How to Use Housing Policy to Increase Economic Mobility
Over 45 million people live in poverty in the United States, facing limited opportunities to improve their economic status or that of their children. A report from the Urban Institute, Housing Policy Levers to Promote Economic Mobility, explores numerous opportunities to use federal, state, and local housing policy to improve economic mobility.
The diverse categories of housing polices with real potential to help families achieve economic mobility include tax policies, block grants, rental assistance programs, fair housing regulations, and homeownership programs.
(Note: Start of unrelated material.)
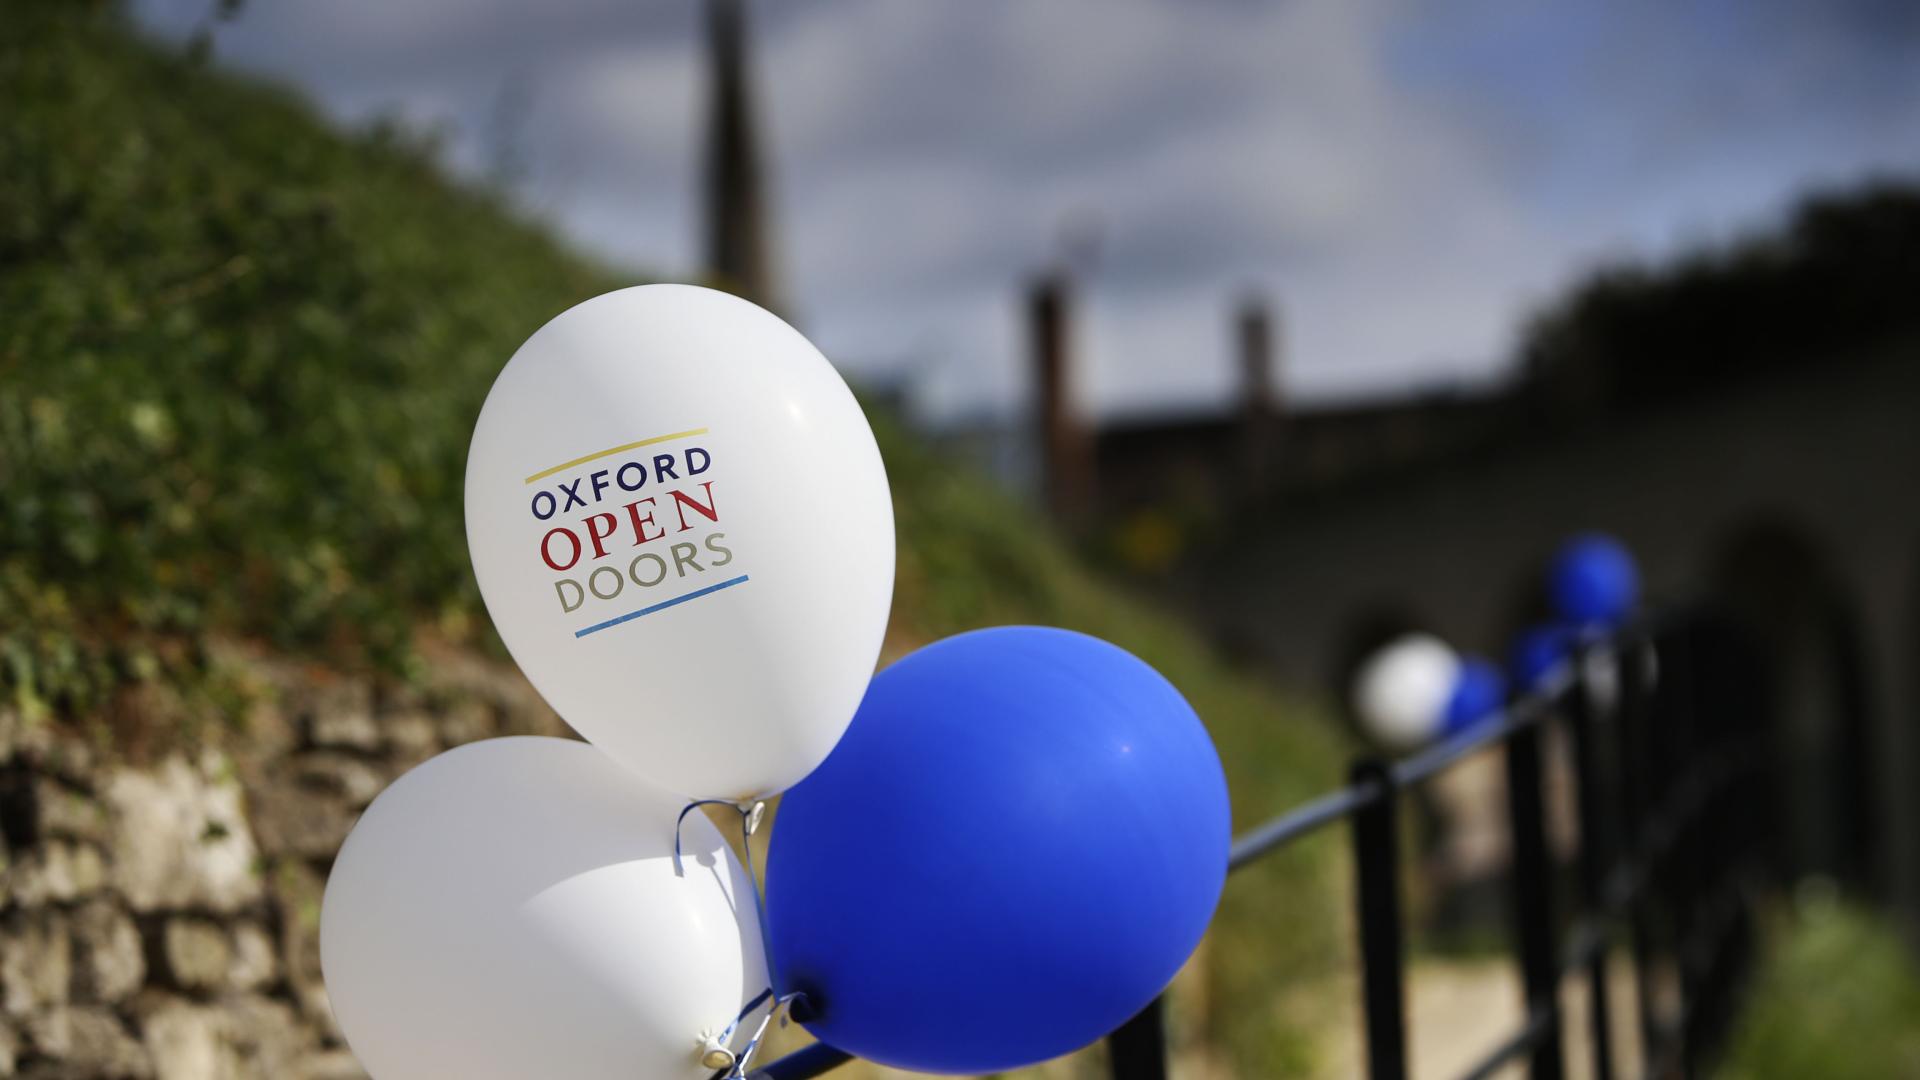 Oxford Open Doors balloons
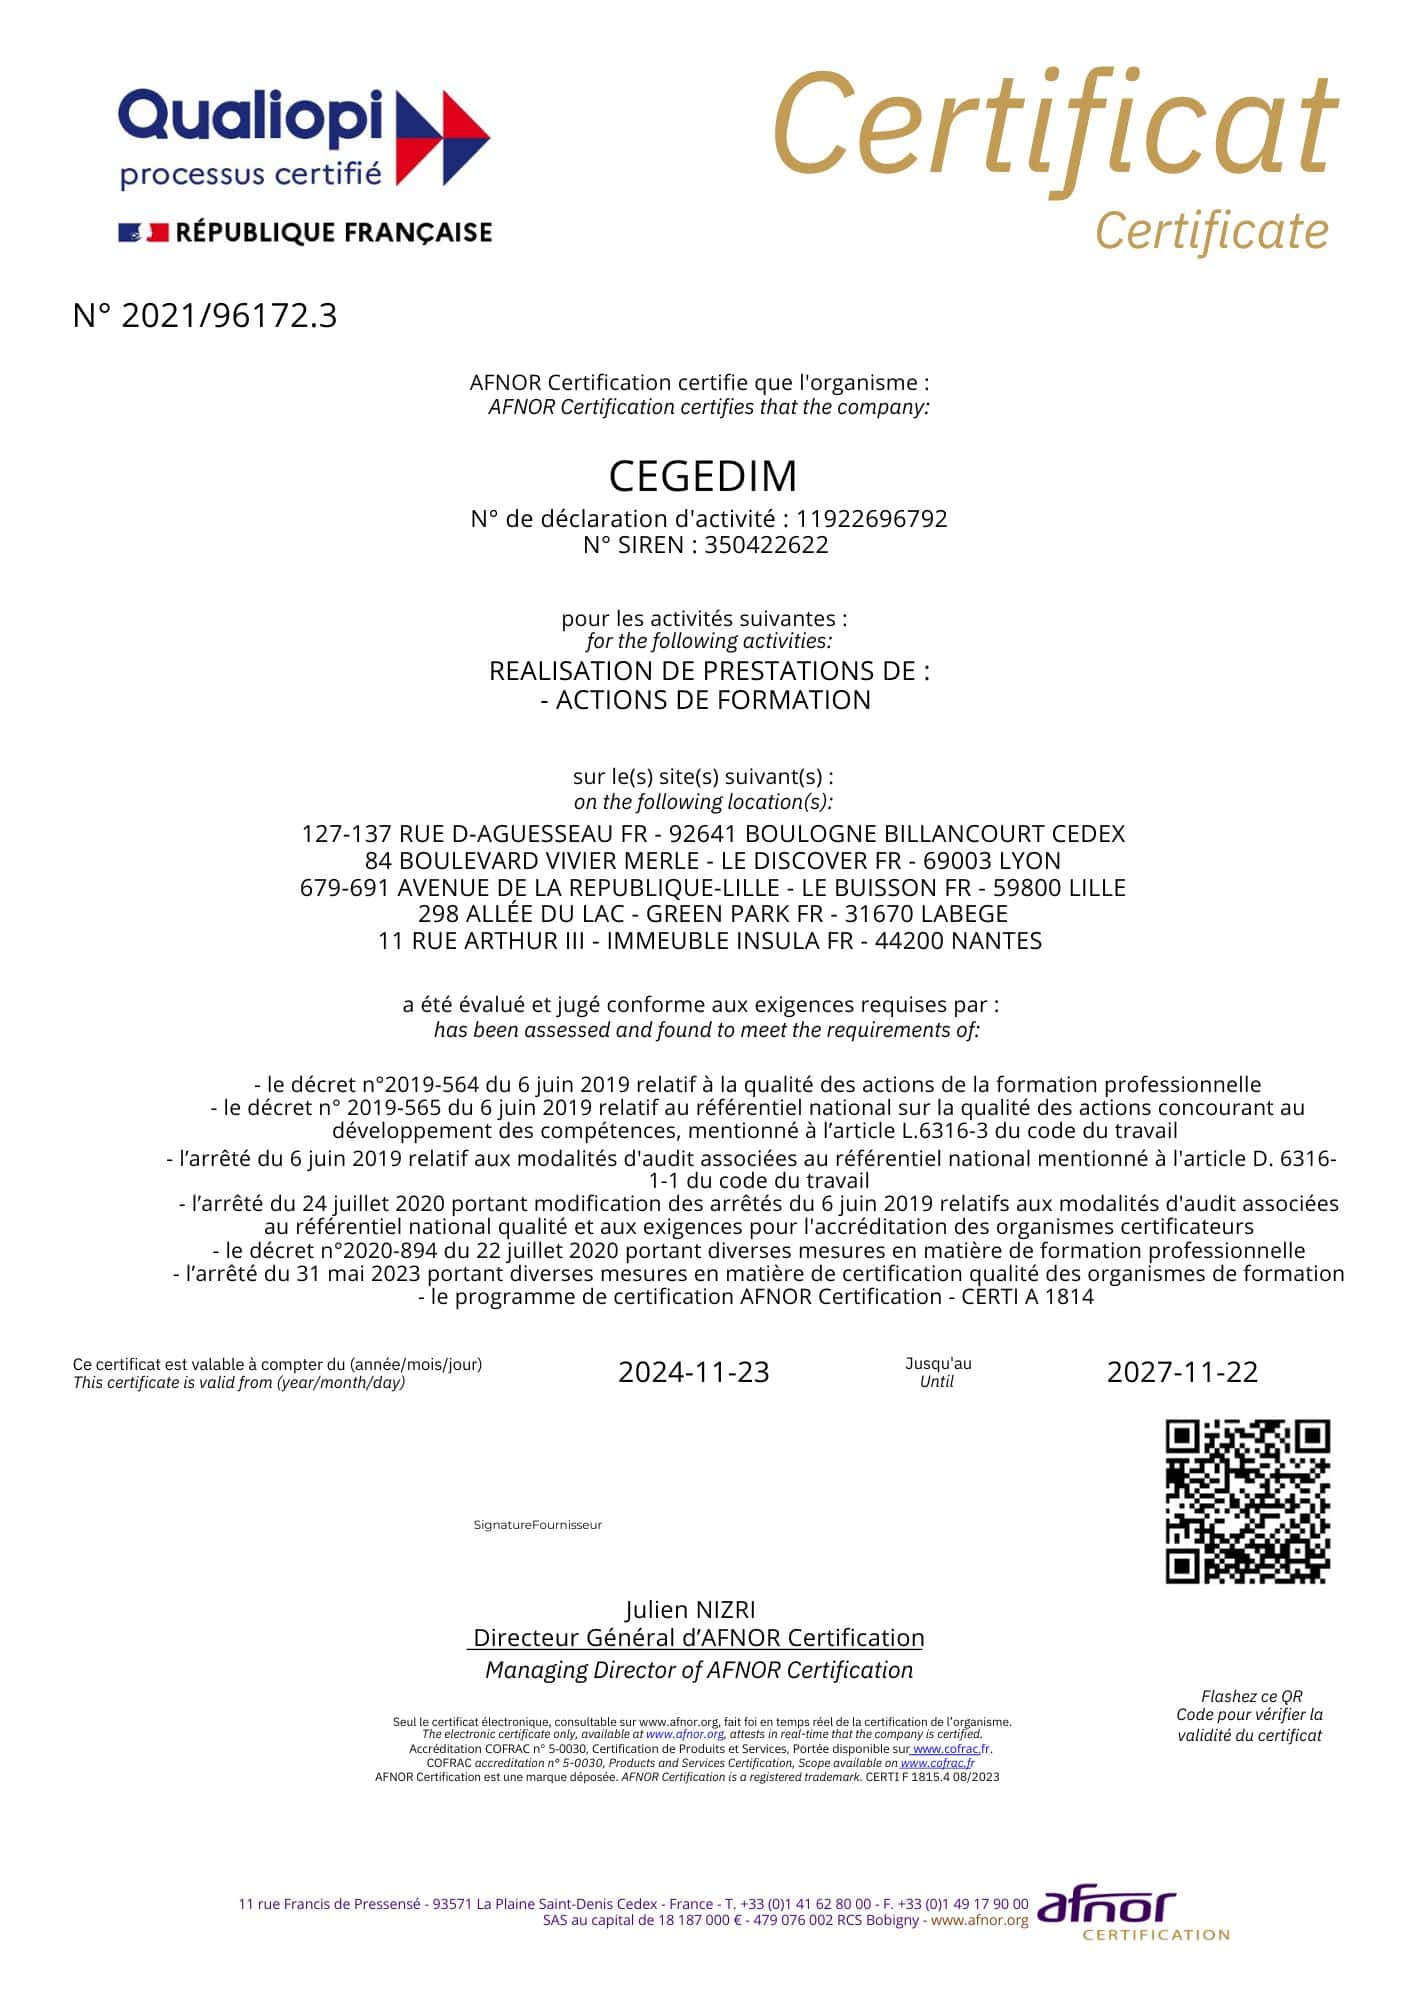 Certificat Qualiopi décerné à Cegedim pour la période 2024-2027

The paper discusses the evidence connecting each of the policies with economic mobility and provides guidance (including practical examples) about how to use the policy to achieve better results.
Major findings and recommendations:
- Neighborhood context contributes to children’s economic mobility.
- Homeownership is the primary contributor to differences in wealth growth by white and black families, yet homeownership can also lock families in places where job prospects are low.
- In the absence of housing policy change, low-income families will have limited ability to afford to live in low-crime areas with access to high-performing schools.
- Without deliberate policy attention, homeownership opportunities in low-poverty areas may be unavailable or unsustainable for low-income or minority households.
- The goal of increasing economic mobility should be used when evaluating and modifying federal, state, and local housing policies.
- The federal government can support economic mobility through the enforcement of fair housing rules and regulations, simultaneous efforts to improve opportunities for low-income people and strengthen disadvantaged places, and changes to tax policy.
- State policies can support economic mobility through efforts that integrate affordability across multiple local jurisdictions and by producing or preserving affordable housing in areas with access to jobs and transit.